1. Data Controller
The data controller responsible for your personal data is:
Undressd Media S.L.
Calle Alfredo Marquerie, 45
28034 Madrid, Spain
Email: support@Undressd.com
2. Legal Basis for Processing
We process your personal data based on the following legal grounds:
- Consent (Article 6(1)(a)): You have given explicit consent to receive our newsletter by completing our double opt-in process
- Legitimate Interests (Article 6(1)(f)): For analytics and service improvement, where it doesn't override your rights
- Legal Obligation (Article 6(1)(c)): To comply with legal requirements such as tax records
3. Your Rights Under GDPR
As a data subject in the European Union, you have the following rights:
3.1 Right of Access (Article 15)
You have the right to request a copy of all personal data we hold about you. We will provide this information within 30 days of your request.
3.2 Right to Rectification (Article 16)
You have the right to request correction of any inaccurate or incomplete personal data we hold about you.
3.3 Right to Erasure (Article 17)
Also known as the "right to be forgotten," you can request deletion of your personal data when:
- The data is no longer necessary for the purpose it was collected
- You withdraw your consent
- You object to processing and there are no overriding legitimate grounds
- The data has been unlawfully processed
3.4 Right to Restriction of Processing (Article 18)
You can request that we limit how we use your data in certain circumstances, such as while we verify the accuracy of your data.
3.5 Right to Data Portability (Article 20)
You have the right to receive your personal data in a structured, commonly used, machine-readable format (such as CSV or JSON).
3.6 Right to Object (Article 21)
You have the right to object to processing based on legitimate interests or for direct marketing purposes. For marketing, we will stop processing immediately upon your objection.
3.7 Right to Withdraw Consent (Article 7(3))
You can withdraw your consent at any time. Withdrawal does not affect the lawfulness of processing before withdrawal. You can withdraw by:
- Clicking the unsubscribe link in any email
- Using our unsubscribe form
- Emailing support@Undressd.com
4. Data We Collect
We collect and process the following categories of personal data:
- Identity Data: Name (optional)
- Contact Data: Email address
- Professional Data: Company name (optional)
- Preference Data: Content preferences, delivery frequency
- Technical Data: IP address, email client, device information
- Usage Data: Email open rates, click rates, engagement metrics
- Consent Data: Timestamp and method of consent
5. Data Retention
We retain your personal data as follows:
- Active Subscribers: Data is retained for the duration of your subscription
- Unsubscribed Users: Email address retained for 3 years to prevent re-adding without consent
- Consent Records: Retained for 7 years for legal compliance
- Analytics Data: Aggregated and anonymized after 2 years
6. International Data Transfers
Your data is primarily stored on servers within the European Union.
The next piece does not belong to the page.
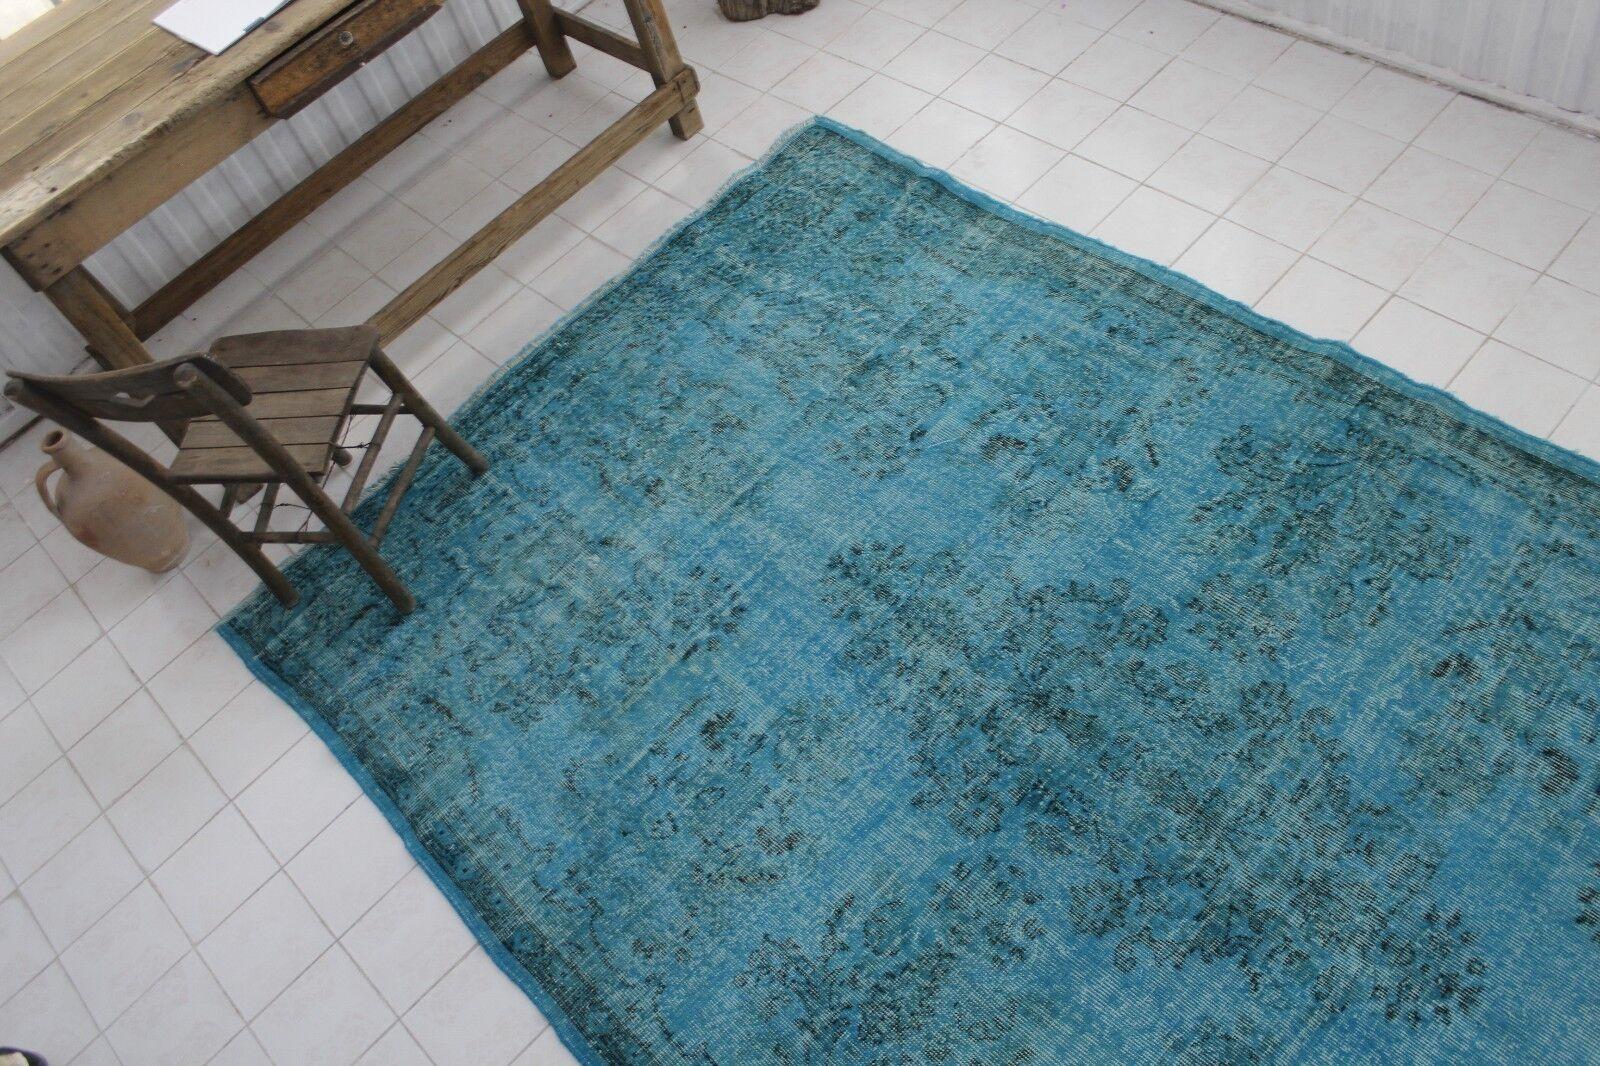 10x6 Vintage hecha a mano Overdyed alfombra turca pequeñas Turquesa 118 x75
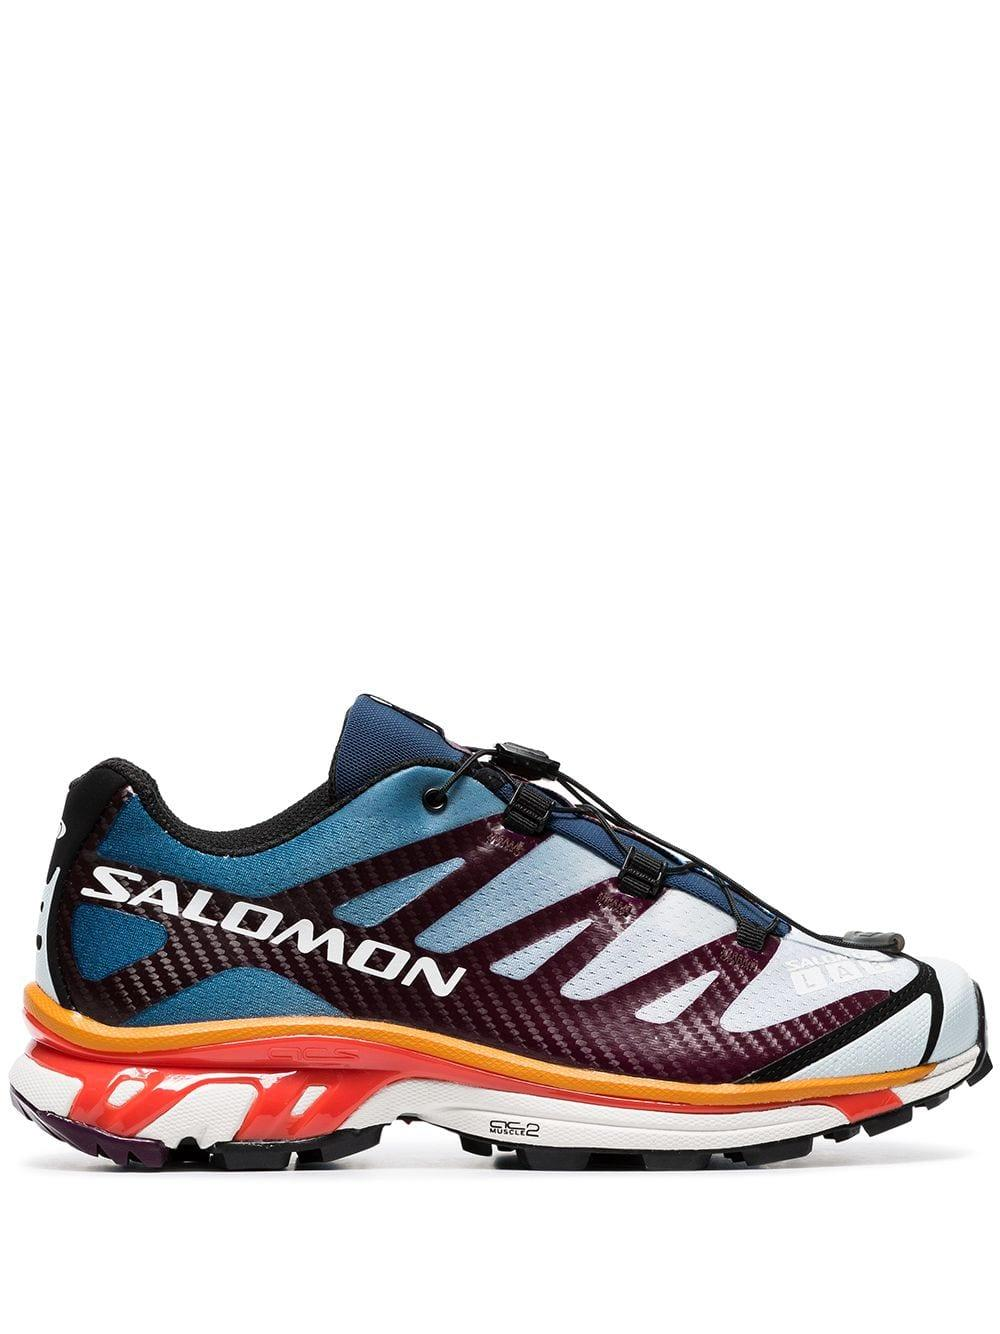 Salomon SLAB Synthetic Multicoloured Xt 4 Adv Sneakers for

When we use service providers outside the EU, we ensure appropriate safeguards:
- EU-US Data Privacy Framework certification
- Standard Contractual Clauses (SCCs) approved by the European Commission
- Binding Corporate Rules where applicable
7. Data Security
We implement appropriate technical and organizational measures to protect your data:
- SSL/TLS encryption for all data in transit
- AES-256 encryption for data at rest
- Access controls and authentication
- Regular security audits and penetration testing
- Employee training on data protection
- Incident response procedures
8. Data Breach Notification
In the event of a personal data breach that poses a risk to your rights and freedoms, we will:
- Notify the Spanish Data Protection Agency (AEPD) within 72 hours
- Notify affected individuals without undue delay if there is high risk
- Document the breach and remediation steps
9. How to Exercise Your Rights
To exercise any of your GDPR rights, please contact us:
Data Protection Requests
Email: support@Undressd.com
Subject: GDPR Request - [Your Right]
Please include your email address for verification.
We will respond to your request within 30 days. In complex cases, we may extend this by 60 days with notice.
10. Right to Lodge a Complaint
If you believe we have not handled your data correctly, you have the right to lodge a complaint with a supervisory authority. For Spain:
Agencia Española de Protección de Datos (AEPD)
C/ Jorge Juan, 6
28001 Madrid, Spain
Website: www.aepd.es
11. Updates to This Policy
We may update this GDPR Compliance page from time to time. We will notify subscribers of material changes via email and update the "Last updated" date at the top of this page.